Rozdział 12.3

28.2K 2.3K 578
                                    

Z Jamesem widziałam się tylko tej pierwszej nocy mojego pobytu w Londynie, gdy spałam u niego w hotelu. Nie odpisał na mojego SMS-a ani nie zadzwonił. Zabolało, bo myślałam, że coś się może zmieniło. Nie naciskałam na niego i nie pisałam więcej, nie wydzwaniałam. Wiedział, gdzie się zatrzymałam. Powiedziałam mu to, chociaż wcale nie pytał. Jedynie myśli na temat Jamesa psuły mi nastrój podczas pobytu w Wielkiej Brytanii. Było mi przykro, że w ogóle się do mnie nie odzywał. Miałam nadzieję, że tamta noc coś pomiędzy nami zmieniła. Zachowywał się wobec mnie tak opiekuńczo i troskliwie... Jednak znowu tylko się łudziłam i byłam w błędzie. Nie powinnam robić sobie żadnych nadziei, a tak tylko czułam rozczarowanie i musiałam przełykać gorycz.

Nagrywanie teledysku poszło nam sprawnie, materiał trafił do grafików i dźwiękowców, aby mogli go dopracować i 14 grudnia teledysk miał swoją premierę i został opublikowany. Tak jak planowano.

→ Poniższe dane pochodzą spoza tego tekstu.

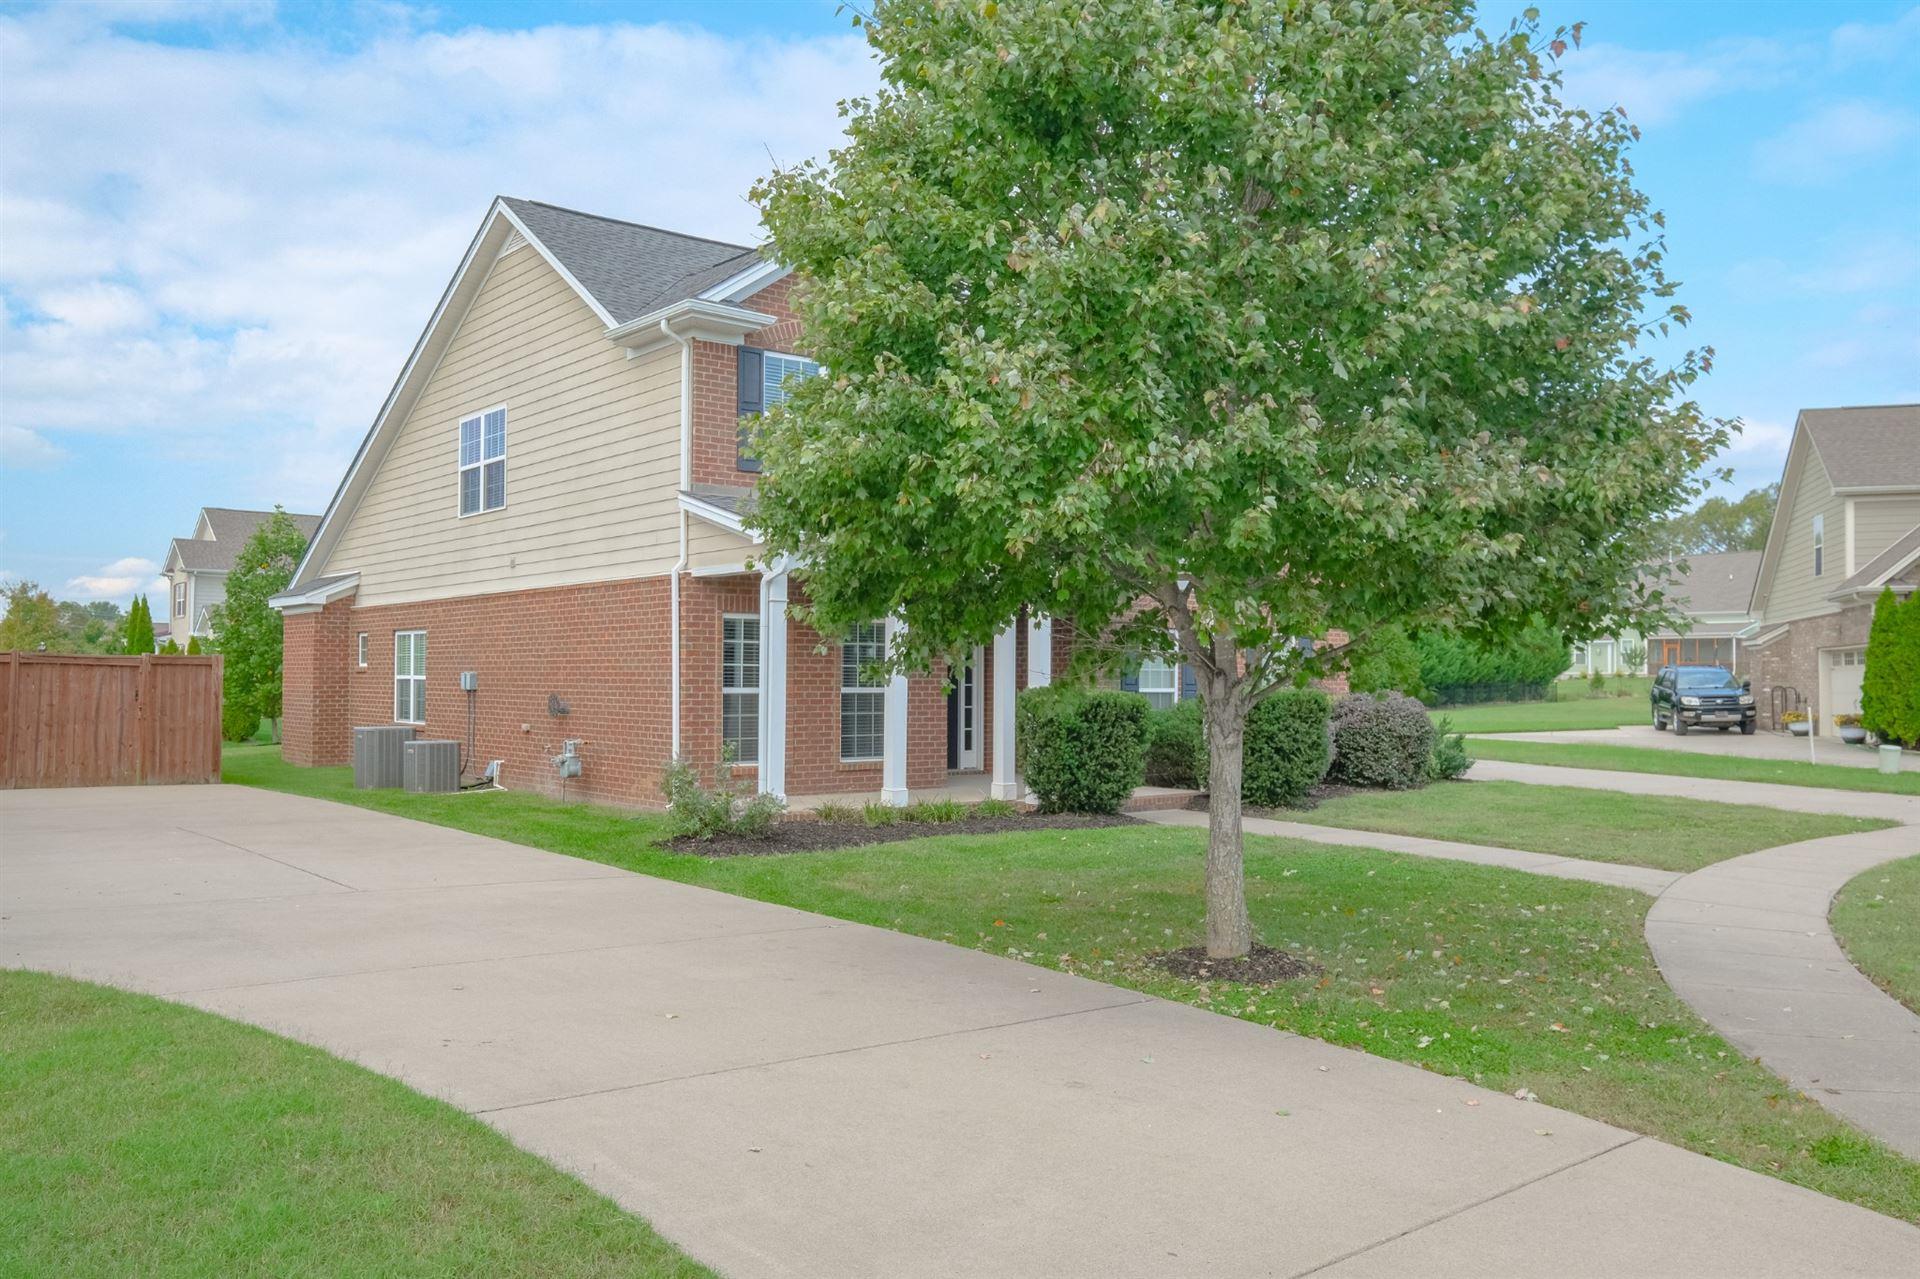 Photo of 3211 Palomar Dr, Murfreesboro, TN 37129 (MLS # 2300292)

W czasie tych dwóch tygodni nieźle zżyłam się z ekipą Jacka i nim samym. Prawił mi komplementy bardzo często, a raz nawet zaprosił mnie na kawę, z czego skorzystałam. Bo w sumie, dlaczego nie. Oczywiście nie poszliśmy do kawiarni. Po nagraniach usiedliśmy w garderobie na składanych krzesłach i rozmawialiśmy, pijąc kiepską kawę ze starego ekspresu. W czasie gdy ekipa pracowała nad montażem teledysku, Jack wraz z Mary i Rafaelem pokazywali mi miasto. Całe dnie spędziliśmy na zwiedzaniu, rzecz jasna w towarzystwie ochrony Jacka. I nawet kiepska pogoda nie zepsuła mi nastroju, chociaż padało niemal cały czas i było cholernie zimno. Widziałam już Londyn z Jamesem podczas tournée, ale to było wiele miesięcy temu, podczas lata, i fajnie było zobaczyć te same miejsca, jednak podczas innej pory roku. Mile wspominałam tych kilka dni. Czułam się bardziej jak na urlopie. Prawie w ogóle nie widywałam wtedy Kathy, przebywała cały czas z Zafirem, widywałam się z nią głównie wieczorami, ale przez ostatnich kilka dni także u niego nocowała i tylko raz się minęłyśmy, gdy przyszła po ubrania na zmianę. Była cała w skowronkach i obiecała potem wszystko mi opowiedzieć. To „potem" znaczyło w Stanach, ponieważ musiała wracać do Nowego Jorku o dzień wcześniej niż ja. Pożegnałam się więc z nią rano, tuż zanim wyszłam na miasto z Jackiem i resztą. Ja pojechałam spotkać się z nimi na mieście, a Kathy wzięła taksówkę na lotnisko.

***

Kończył się mój ostatni dzień pobytu w Londynie, następnego ranka, 15 grudnia, miałam samolot do Nowego Jorku. Po wycieczce Jack najpierw podwiózł do hotelu Mary i Rafaela, a potem mnie. Aby nie zwracać na siebie niepotrzebnie uwagi, poruszaliśmy się po mieście zwykłym volvo, jednak samochód był zwyczajny tylko z zewnątrz. W środku był nieco większy niż zwyczajne auto tego typu i dlatego pomieściliśmy się wszyscy. Tuż za nami jechali ochroniarze w nieoznakowanym samochodzie. Jack zaparkował pod moim hotelem i wyłączył radio. Całą podróż śpiewaliśmy kawałki lecące na antenie. Z szerokim uśmiechem Jack wyłączył silnik samochodu i spojrzał na mnie.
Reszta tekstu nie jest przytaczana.